Prolonged warm ischemia time increases mitogen-activated protein kinase activity and decreases perfusate cytokine levels in ex vivo rat liver machine perfusion.

Abstract

Machine perfusion is increasingly being utilized in liver transplantation in lieu of traditional cold static organ preservation. Nevertheless, better understanding of the molecular mechanisms underlying the ischemia-reperfusion injury (IRI) during ex vivo perfusion is necessary to improve the viability of liver grafts after transplantation using machine perfusion technology. Since key cellular signaling pathways involved in hepatic IRI may allow a chance for designing a promising approach to improve the clinical outcomes from this technology, we determined how warm ischemia time (WIT) during procurement affects the activity of mitogen-activated protein kinase (MAPK) and perfusate concentration of cytokines in an ex vivo rat liver machine perfusion model.
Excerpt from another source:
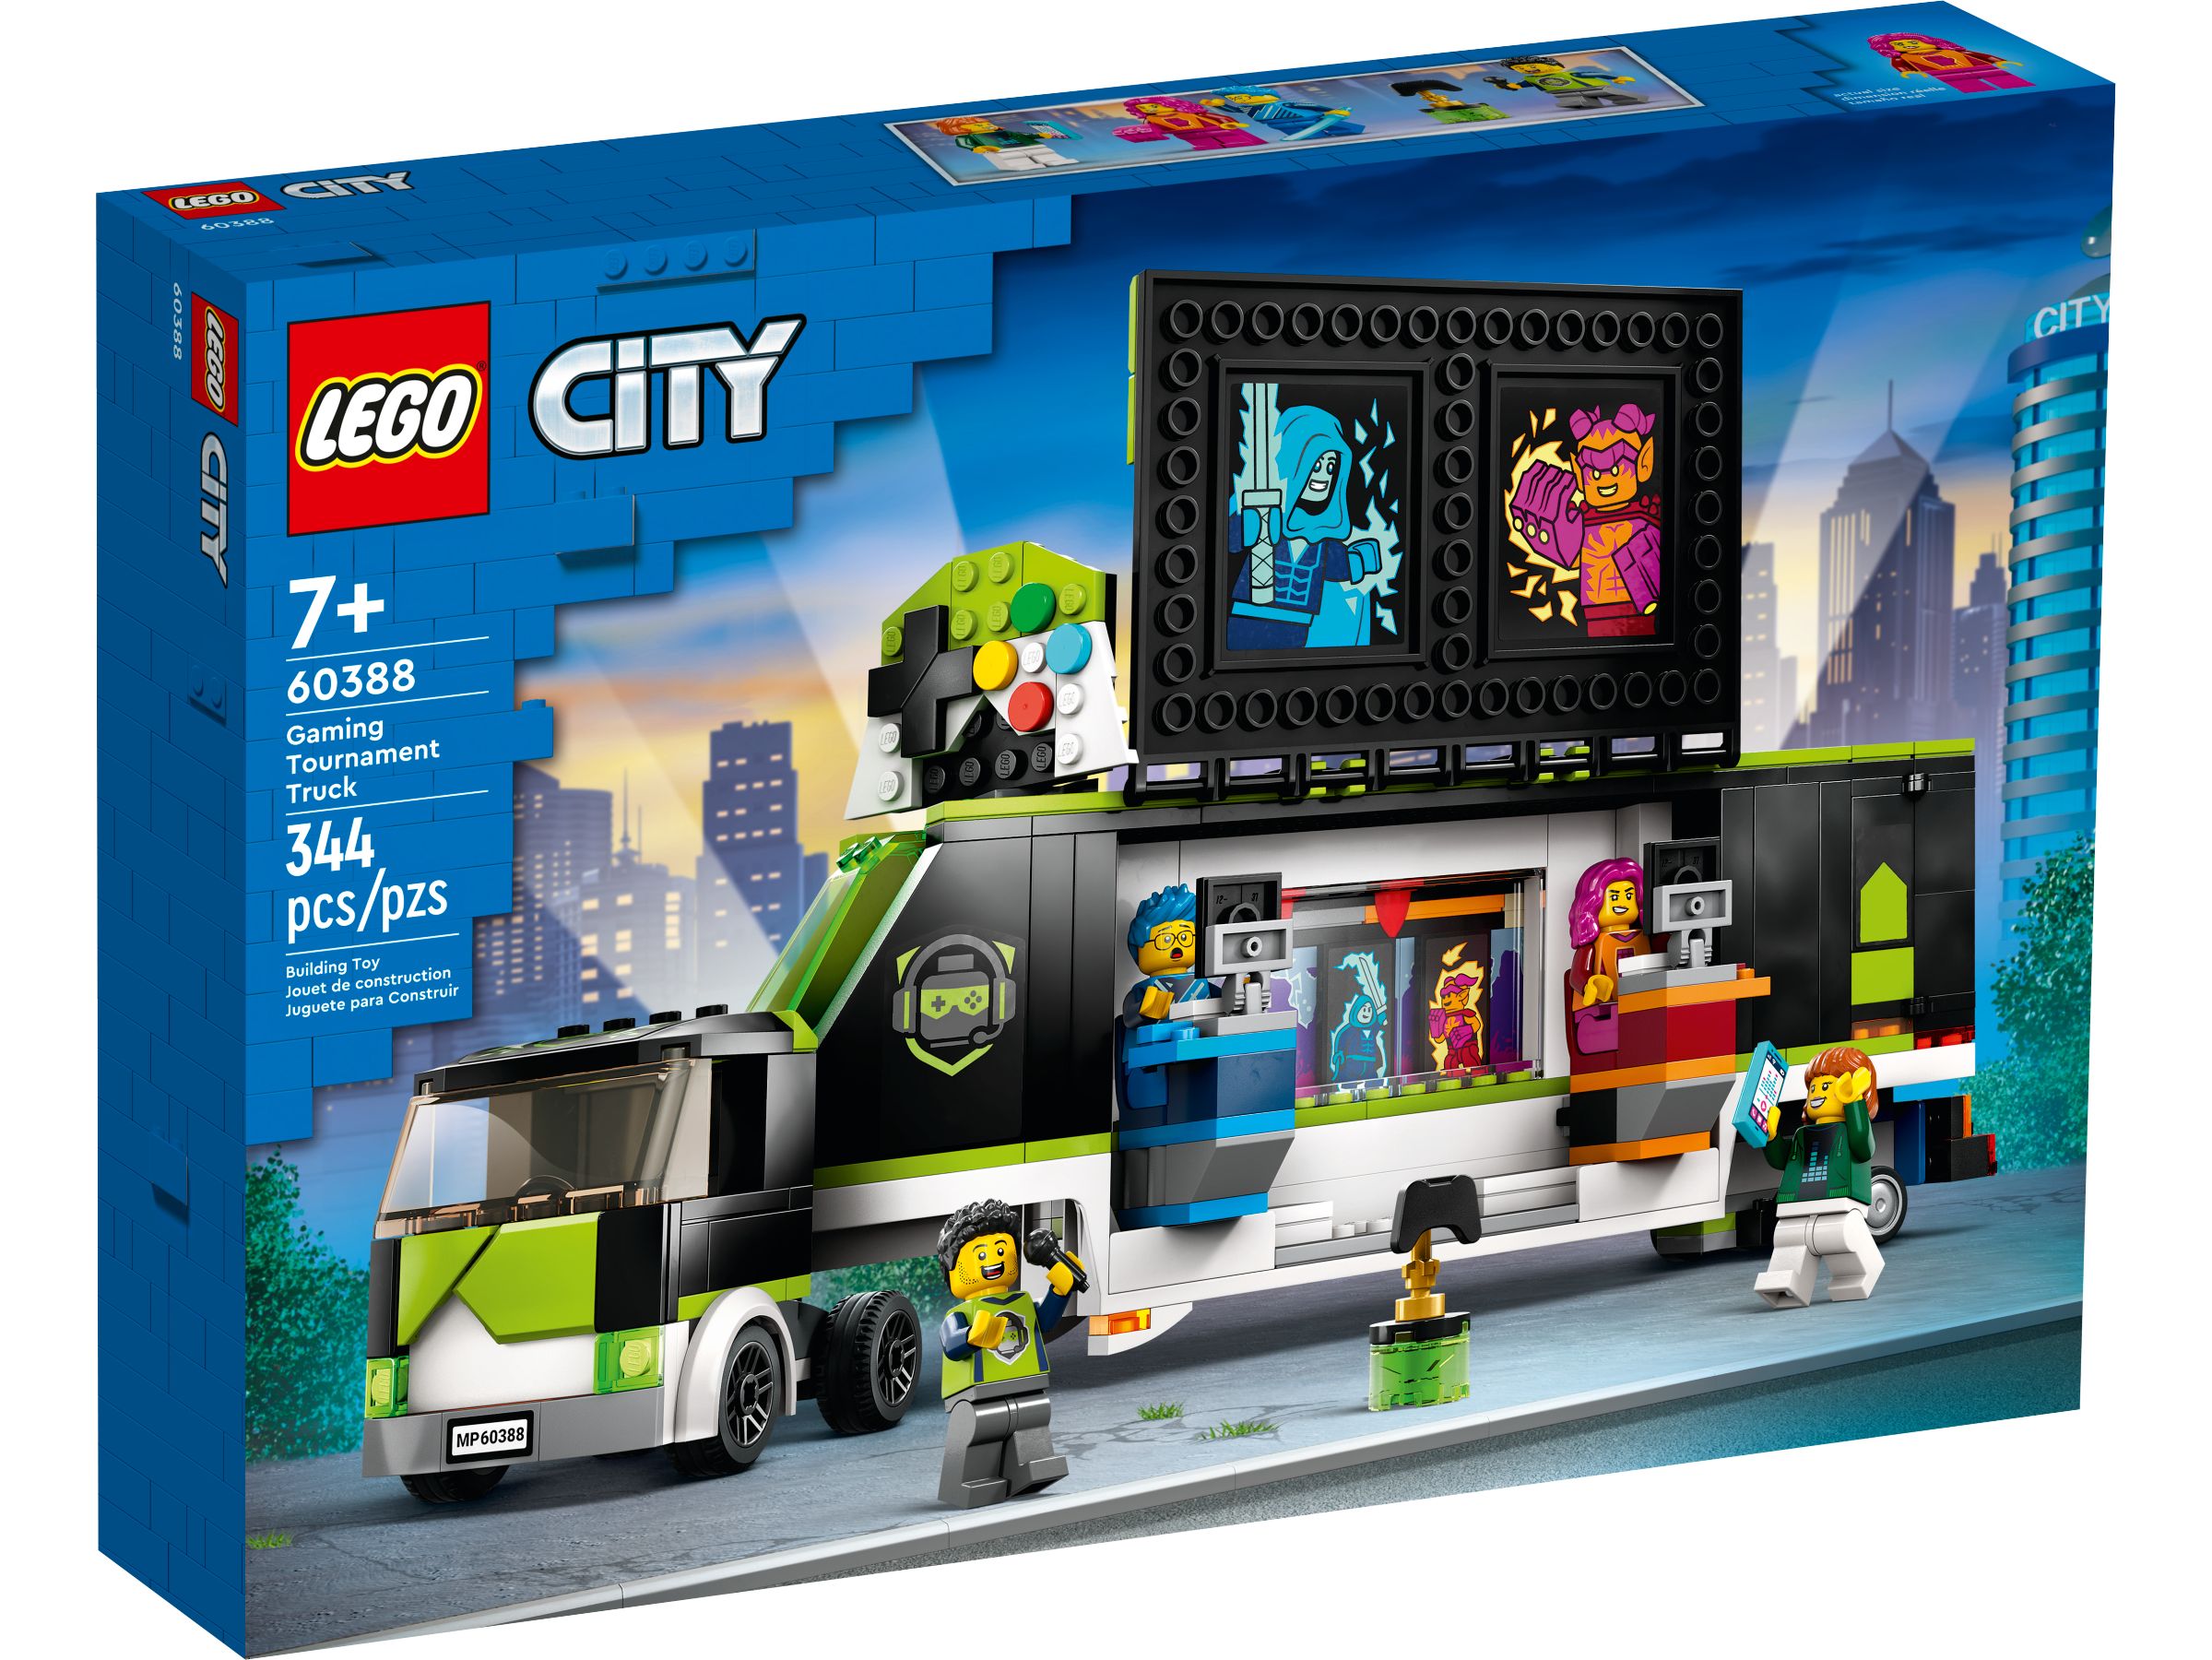 LEGO City 60388 Gaming Turnier Truck LEGO_60388_alt1.jpg

Male Sprague-Dawley rats underwent in situ hepatic ischemia with varying WIT (0, 10, 20, 30 min, n = 5 each), and subsequently 3 h of cold ischemia time and 2 h of machine perfusion prior to determining the degree of MAPK activation-phosphorylation and cytokine concentration in liver tissue and perfusates, respectively. Our data revealed a strong correlation between incremental WIT and a series of liver injury markers, and that prolonged WIT increases ERK1/2 and p54 JNK phosphorylation during machine perfusion. Notably, specific cytokine levels (MCP-1, MIP-2, GRO/KC, IL-10, and IL-5) were inversely correlated with the phosphorylation levels of ERK1/2, p38 MAPK, and p46/p54 JNK. These results suggest that MAPK activation, specifically ERK1/2 and p54 JNK phosphorylation, have potential as a biomarker for hepatic IRI pathophysiology during machine perfusion. Elucidation of their functional significance may lead to designing a novel strategy to increase the clinical benefit of machine perfusion.